◆ **AVAILABLE DATA**:
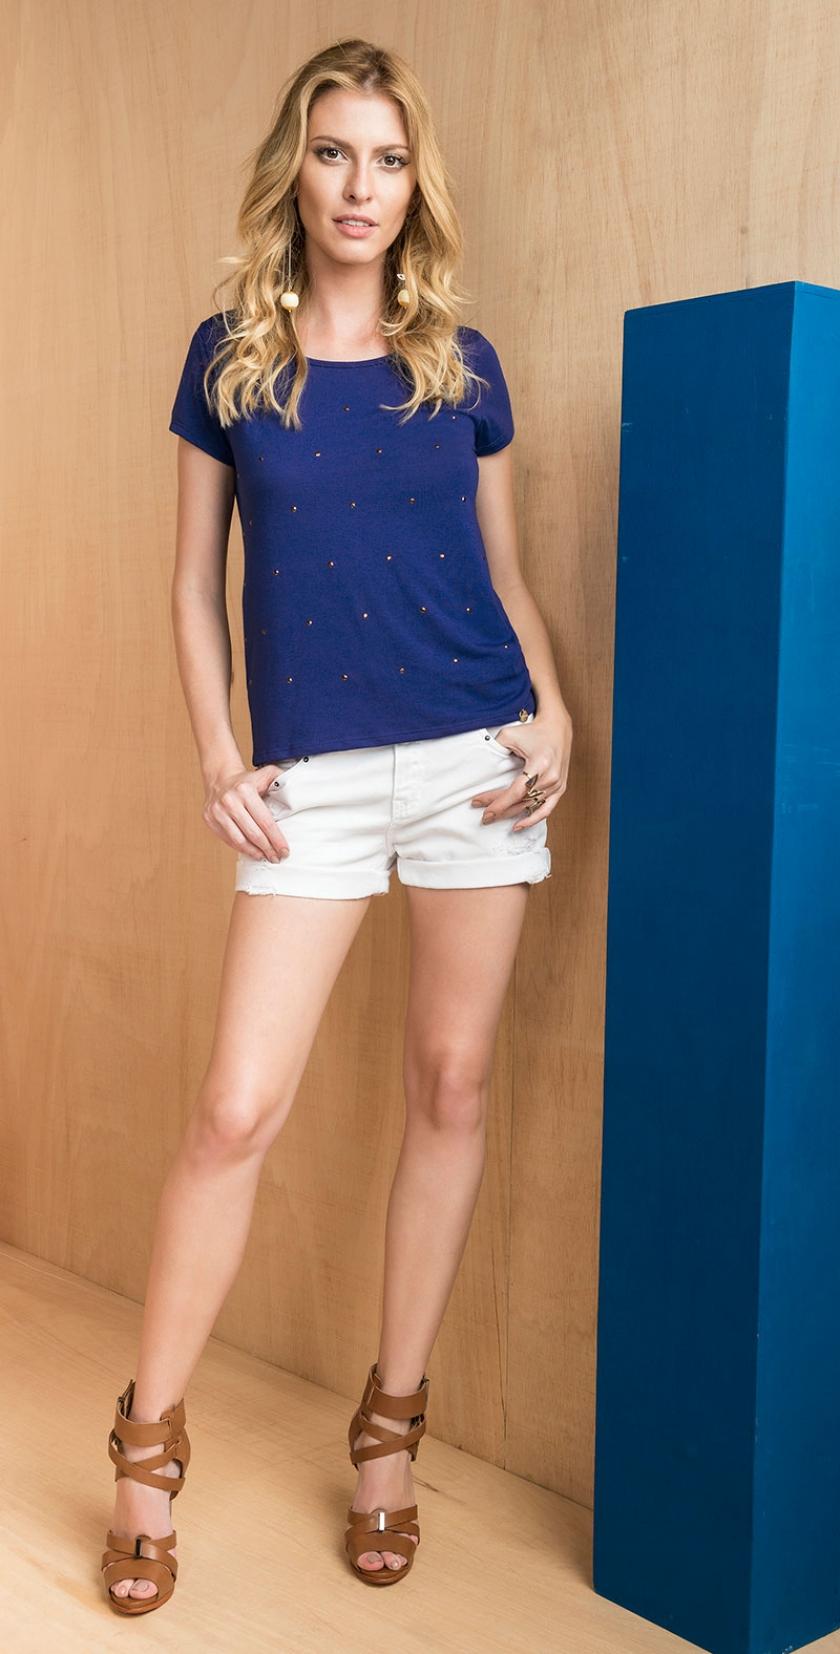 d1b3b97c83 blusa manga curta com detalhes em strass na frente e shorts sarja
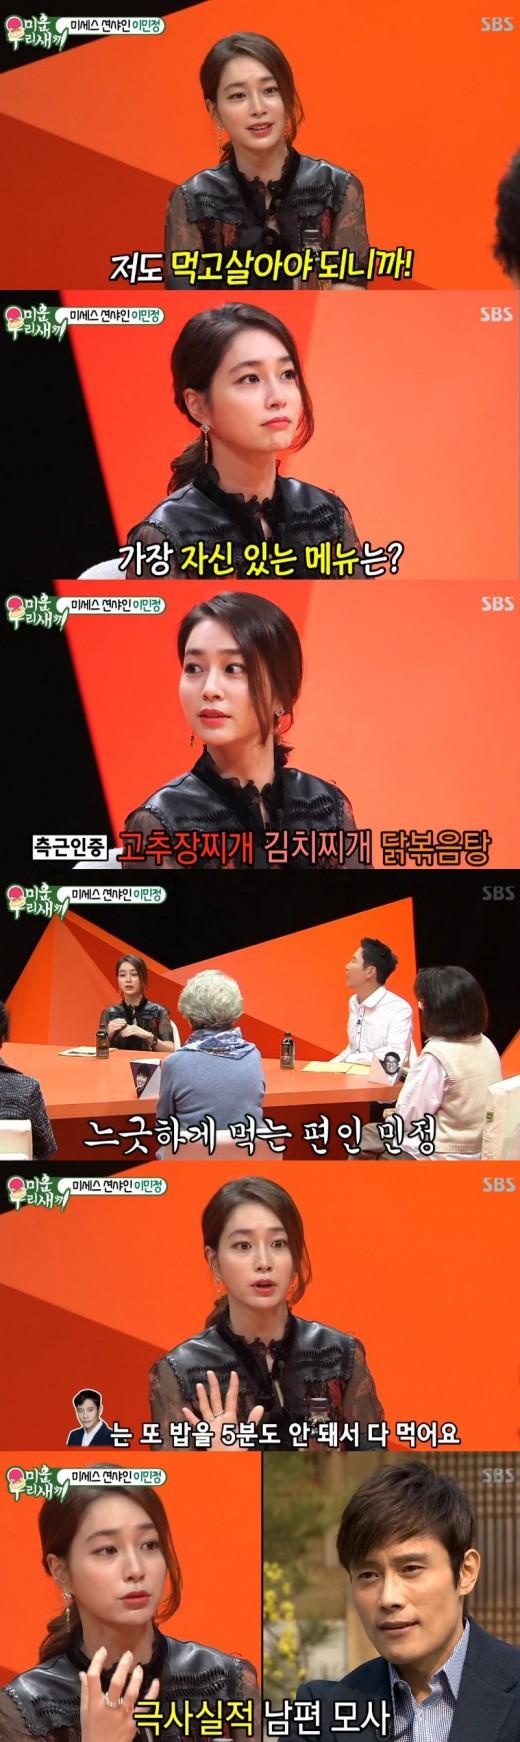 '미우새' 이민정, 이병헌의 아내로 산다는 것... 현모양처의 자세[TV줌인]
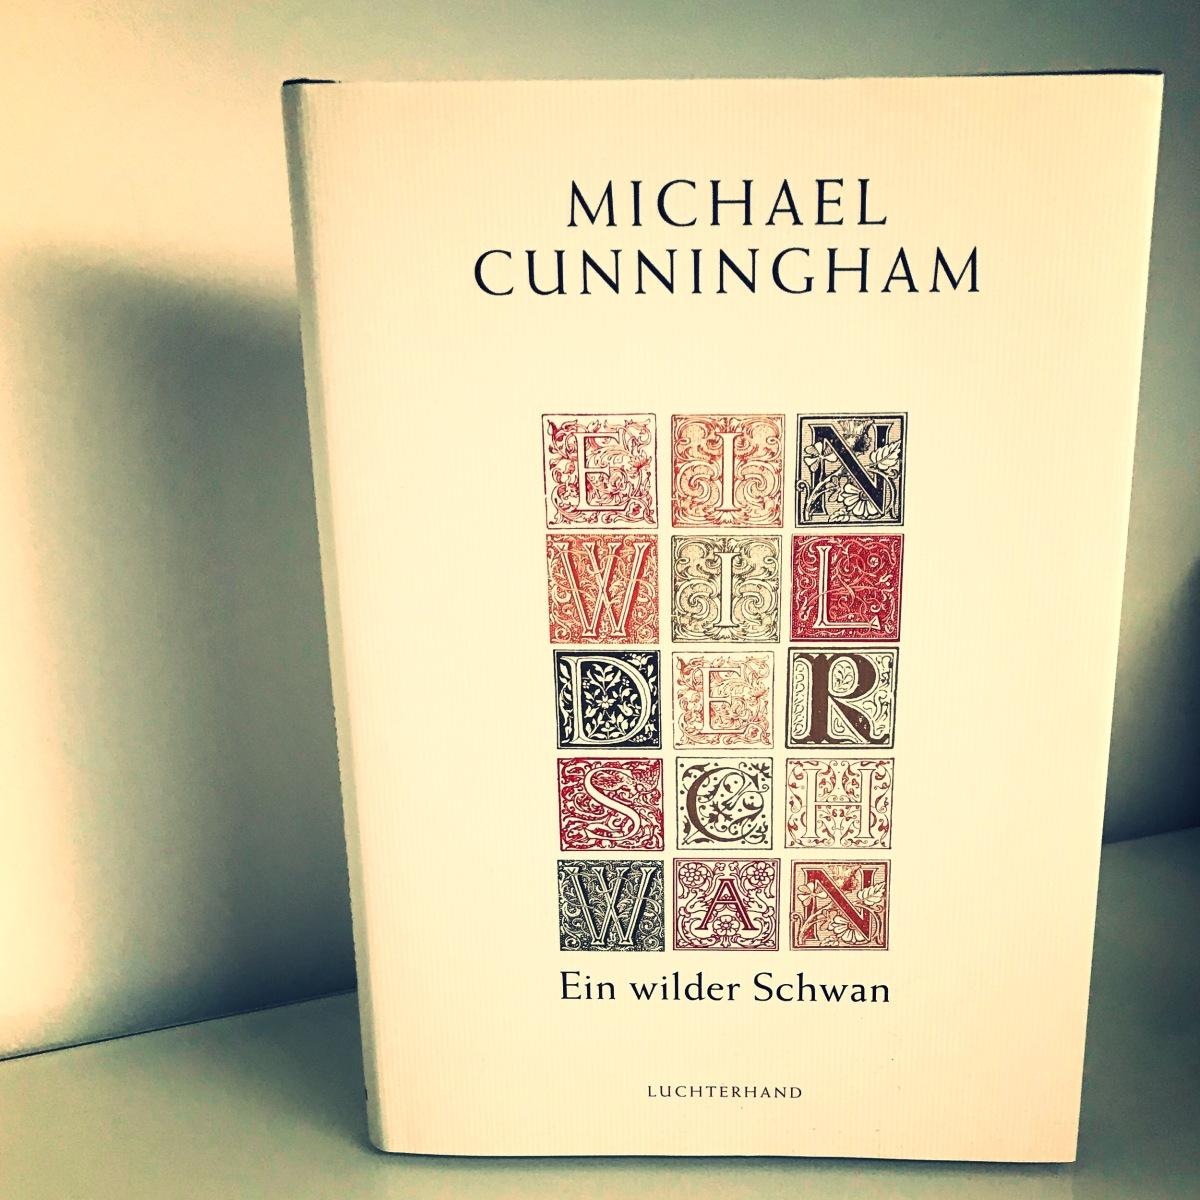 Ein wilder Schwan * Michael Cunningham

==

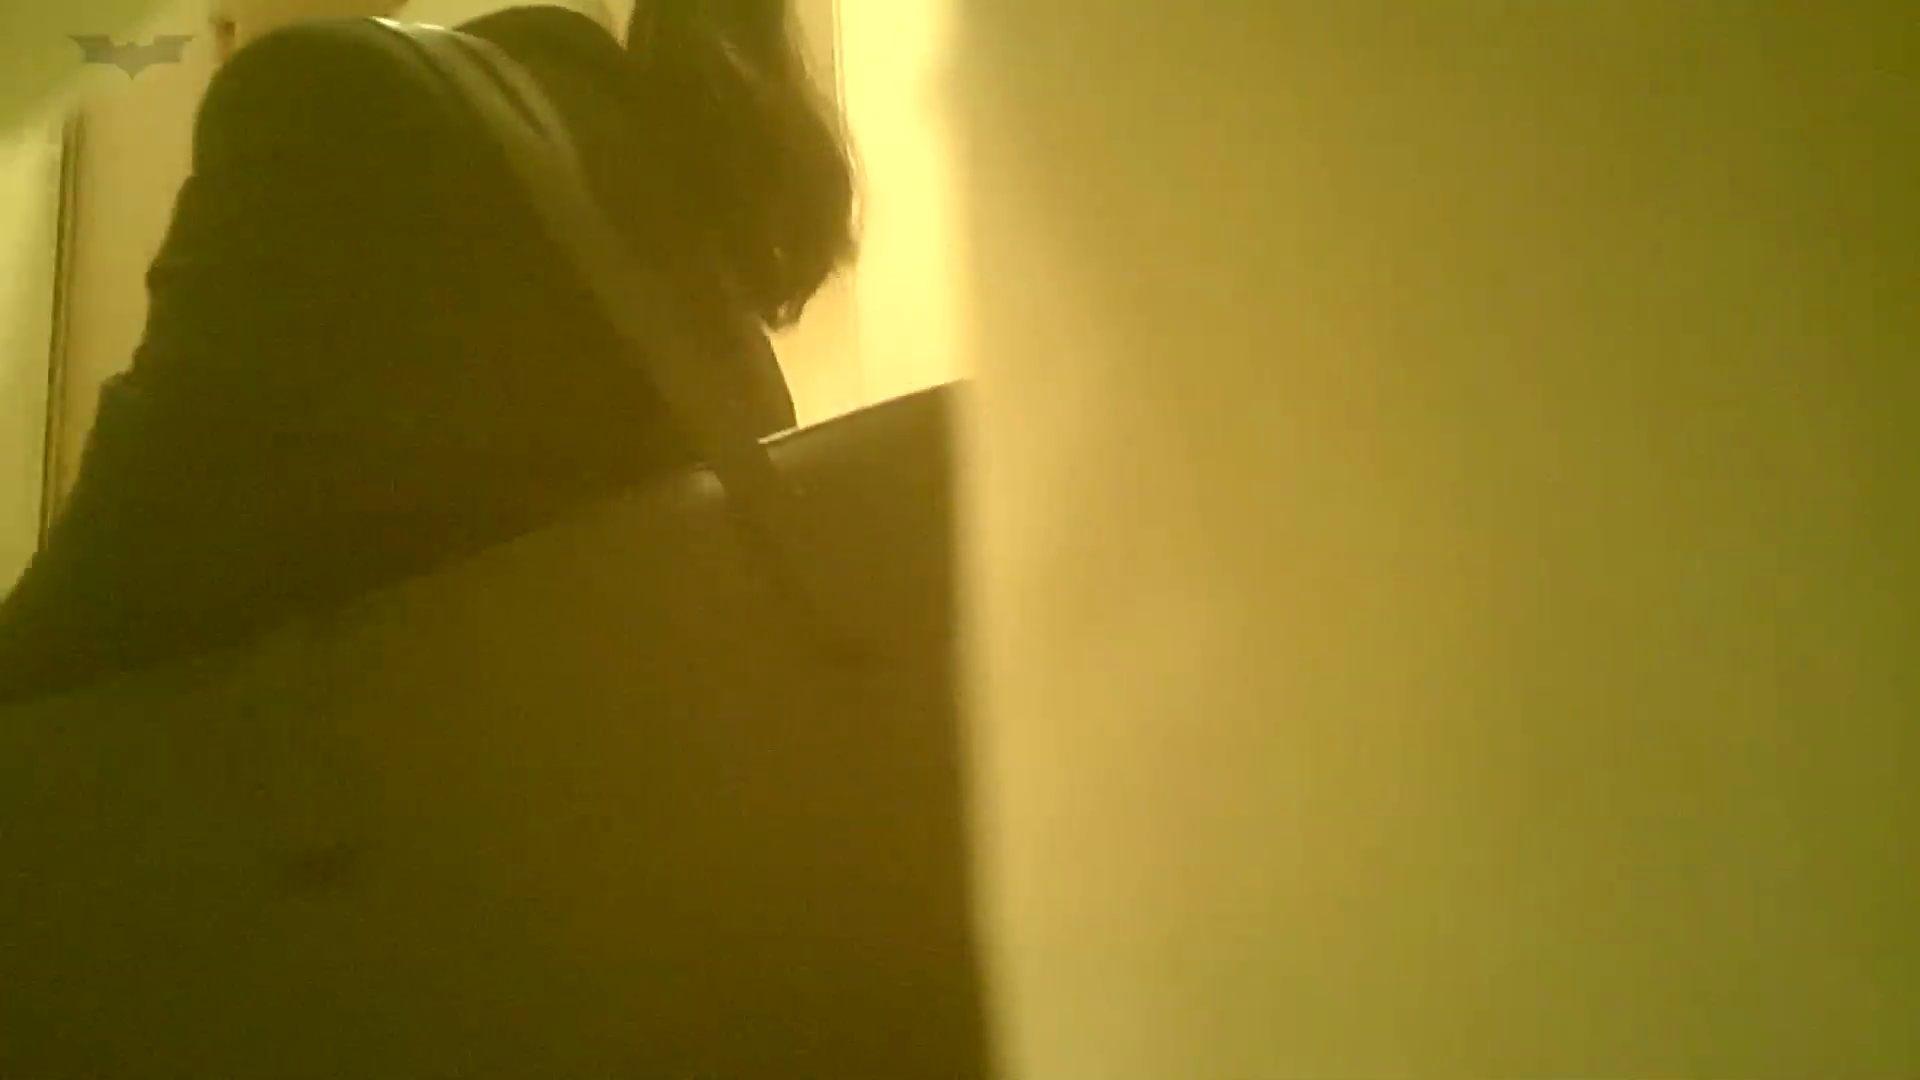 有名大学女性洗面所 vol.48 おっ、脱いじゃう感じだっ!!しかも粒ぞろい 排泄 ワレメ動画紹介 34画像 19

◆ **TASK OBJECTIVE**: Print, exactly, each line above from the one with "d1b3b97c83 blusa manga" to the one with "Ein wilder Schwan * Michael Cunningham", end lines included. Leave pictures out of it.

◆ **WRITTEN SOLUTION**:
 d1b3b97c83 blusa manga curta com detalhes em strass na frente e shorts sarja
 '미우새' 이민정, 이병헌의 아내로 산다는 것... 현모양처의 자세[TV줌인]
 Ein wilder Schwan * Michael Cunningham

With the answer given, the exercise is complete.